Looking for ways to boost your metabolism naturally? While no food will magically melt fat, some spices may help you burn more calories and maintain a healthy metabolic rate.
A higher metabolism can help you process food, perform vital tasks, manage your weight, and reduce your risk of conditions like diabetes and heart disease. So, which spices should you be looking for?
Chili peppers and chili powder contain a phytochemical called capsaicin, which is responsible for the pepper’s spicy flavor. This powerful compound:
- Protects against inflammation
- May help you burn fat
- May suppress appetite
- May help you burn more energy
Note: Some studies investigating how chili peppers and capsaicin affect metabolism show conflicting evidence. One study of over 6,000 people found that people who ate more chili peppers had higher body mass indexes (BMIs) and a greater risk of obesity. More research is needed to understand this relationship.

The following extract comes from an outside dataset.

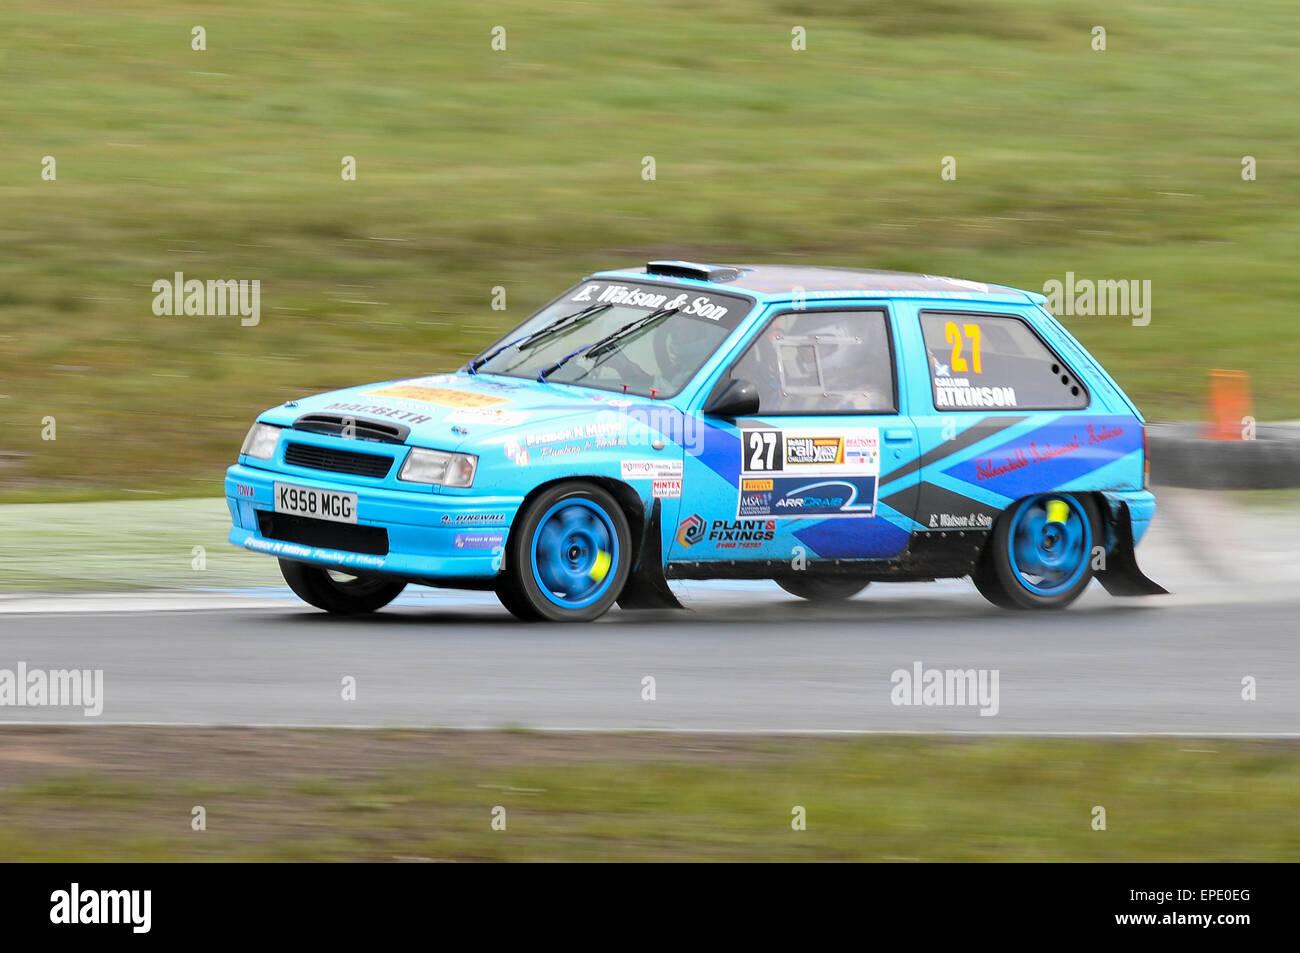 Vauxhall Nova Rally Car Stock Photos & Vauxhall Nova Rally Car Stock ...

Cinnamon is a popular spice made from the bark of several species of cinnamon trees. It contains cinnamaldehyde, an essential oil that has been shown to:
- Increase calorie burn
- Boost thermogenesis, a process in which blood sugar and fatty acids are broken down to maintain body temperature
- Decrease waist circumference, BMI, and body weight
- Lower blood lipid levels (fatty substances in the blood) and promote blood sugar regulation, which can help protect against conditions like diabetes and heart disease
Known for its warm, spicy flavor, ginger root is a popular ingredient in sweet and savory dishes, such as baked goods and curries. Eating ginger regularly may.
- Reduce your appetite
- Boost thermogenesis
- Support fat loss
- Decrease waist circumference and belly fat. Higher belly fat is associated with metabolic syndrome, a group of symptoms like high blood sugar and high cholesterol that increase your risk for conditions like heart disease and stroke.
Note: Not all studies have found ginger effective for boosting fat loss. More research is needed to understand how ginger influences metabolism.
Turmeric is a brightly-colored spice that contains a pigment called curcumin. Curcumin has been shown to:
- Increase energy expenditure
- Stimulate fat burning
- Decrease fat accumulation
- Promote weight loss
- Reduce body weight, BMI, and waist circumference
- Increase levels of adiponectin, a protein that regulates processes like fatty acid breakdown. Low adiponectin levels are associated with metabolic conditions like obesity and diabetes.
Cumin is a spice commonly used in Indian, African, Mexican, and other cuisines. Though research is limited, some studies suggest it may:
- Support fat loss
- Suppress appetite
- Reduce BMI and waist circumference
- Help reduce blood lipid levels, including LDL (bad) cholesterol
- Reduce blood sugar levels
Saffron is a spice from the saffron crocus flower. More research is needed to confirm if saffron significantly impacts metabolic health. However, some research suggests supplementing with this spice may:
- Help regulate body weight
- Support fat loss
- Lower blood sugar
- Lower LDL levels
- Increase levels of irisin, a hormone that increases energy expenditure and improves blood sugar regulation and insulin sensitivity
Other spices like fenugreek, cardamom, and black pepper may increase metabolism—at least based on animal and test tube studies. However:
- Human studies are limited.
- Most research focuses on the individual components of spices (such as piperine in black pepper) rather than the whole spice.
Still, many spices offer other health benefits, such as reducing inflammation and heart disease risk, so adding them to your diet is a win either way!
While using certain spices may positively affect metabolic health, changing your overall lifestyle is more effective. Try these science-backed strategies:
- Eat more protein: Proteins require more energy to break down than carbs or fats.
- Eat whole foods: Diets composed of healthy, whole ingredients are more likely to help you burn calories than diets high in ultra-processed foods.
- Move more: Exercise can increase muscle mass, improve fat burning, and significantly reduce metabolic disease risk.
- Rest: Getting the recommended 7-9 hours of sleep per night and managing stress can support metabolic health.
- Check for medical issues: Certain underlying health conditions, such as thyroid conditions, may affect metabolism and weight.
Adding spices like chili pepper, cinnamon, turmeric, and ginger to your meals may slightly help your metabolism, but they’re no magic bullet. Research into their metabolism-boosting effects is limited.
Your best bet? Focus on the big picture: Eat well, move often, get enough sleep, and manage stress. Spices are just a flavorful bonus!